Well, about a month ago, I noticed an option to upload and submit photos to be reviewed to be featured on Google Earth and thought it was pretty neat. I registered and uploaded some pics (only my good ones) and thought I'd encourage some of our talented photographers to do the same.

They also have a pretty weak forum that doesn't have a lot of options, but my main focus is to get some of my pics on GE. Turns out, they reviewed and 17 of my pics will appear in the next update (around mid-March) as blue dots.

Here's my profile:

http://www.panoramio.com/user/1358249 (Click thumbs for bigger images)

Nothing Special, but I think it's kinda neat and I'd like to see more pics of our great state.


----------



## Nor-tah

Those are good ones thanks for sharing. Check your PMs


----------



## LOAH

Not a chance. The funny rock formation is as close as I'll get to that one. I may change the caption on a couple of them though.


----------



## Pavlik

Very Nice! I did not even think about turning photos in to Google Earth! I think that I will give them some of my aireal photos now!


----------



## LOAH

Before you submit aerial photos, you should read up on their acceptance policy. They mention something about aerials, but I don't quite remember. I've seen a couple of aerials, but not too many.
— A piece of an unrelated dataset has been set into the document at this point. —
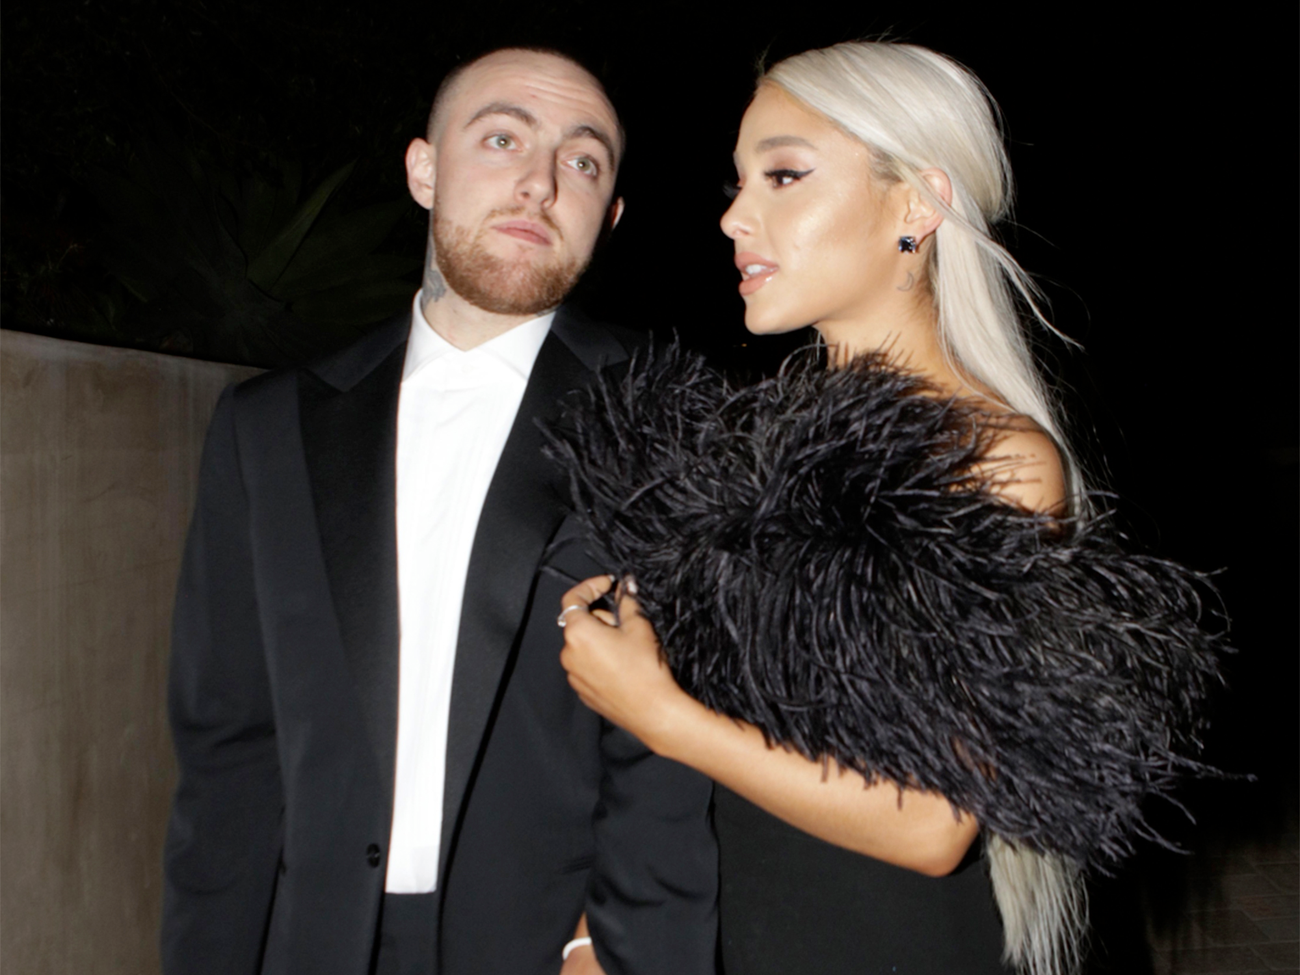 Mac Miller and Ariana Grande attending a 2018 Oscar party.  GC Images

You can post pretty much what you want on Panoramio, but it won't appear on GE unless it's some type of establishing shot like a landscape or city scene; something to go with the geographic location.


----------



## Pavlik

Ok, I can probably imagine why. Their whole system is one big aireal photo of the earth Maybe I will submit some of my nature photos to them.


----------



## Greenguy88

Cool looking shots LOAH. I always wondered how people get there pics on there, now I know!


----------



## Riverrat77

I have some shots on Google Earth as well.... not that I can remember where they were... but I know I submitted some and got a confirmation email about them being approved. 8)


----------



## waltny

Sounds good. I might have to add one or two of my favorite accessable to the public locations and see what happens...


----------



## hikein

On the subject of GE thought I'd try to load a GE photo. Any guess where?


----------



## LOAH

Skyline drive?


----------



## hikein

Nice! Yes, it horseshoe flat. You can see the big shoe and little shoe at top.


----------



## LOAH

The two round hills up top, to the right of the road? I was going to mention those because they look pretty neat in contrast to their surroundings.

I really didn't "know" it was Skyline Drive. I just figured it would be a good guess since that road goes EVERYWHERE! :lol:


----------



## Bears Butt

Very nice Loah! I have posted 3 of my own on that site too. One is East of Willard Utah and the other two are over by Randolph, Ut. It's fun to share pictures and where you took them.


----------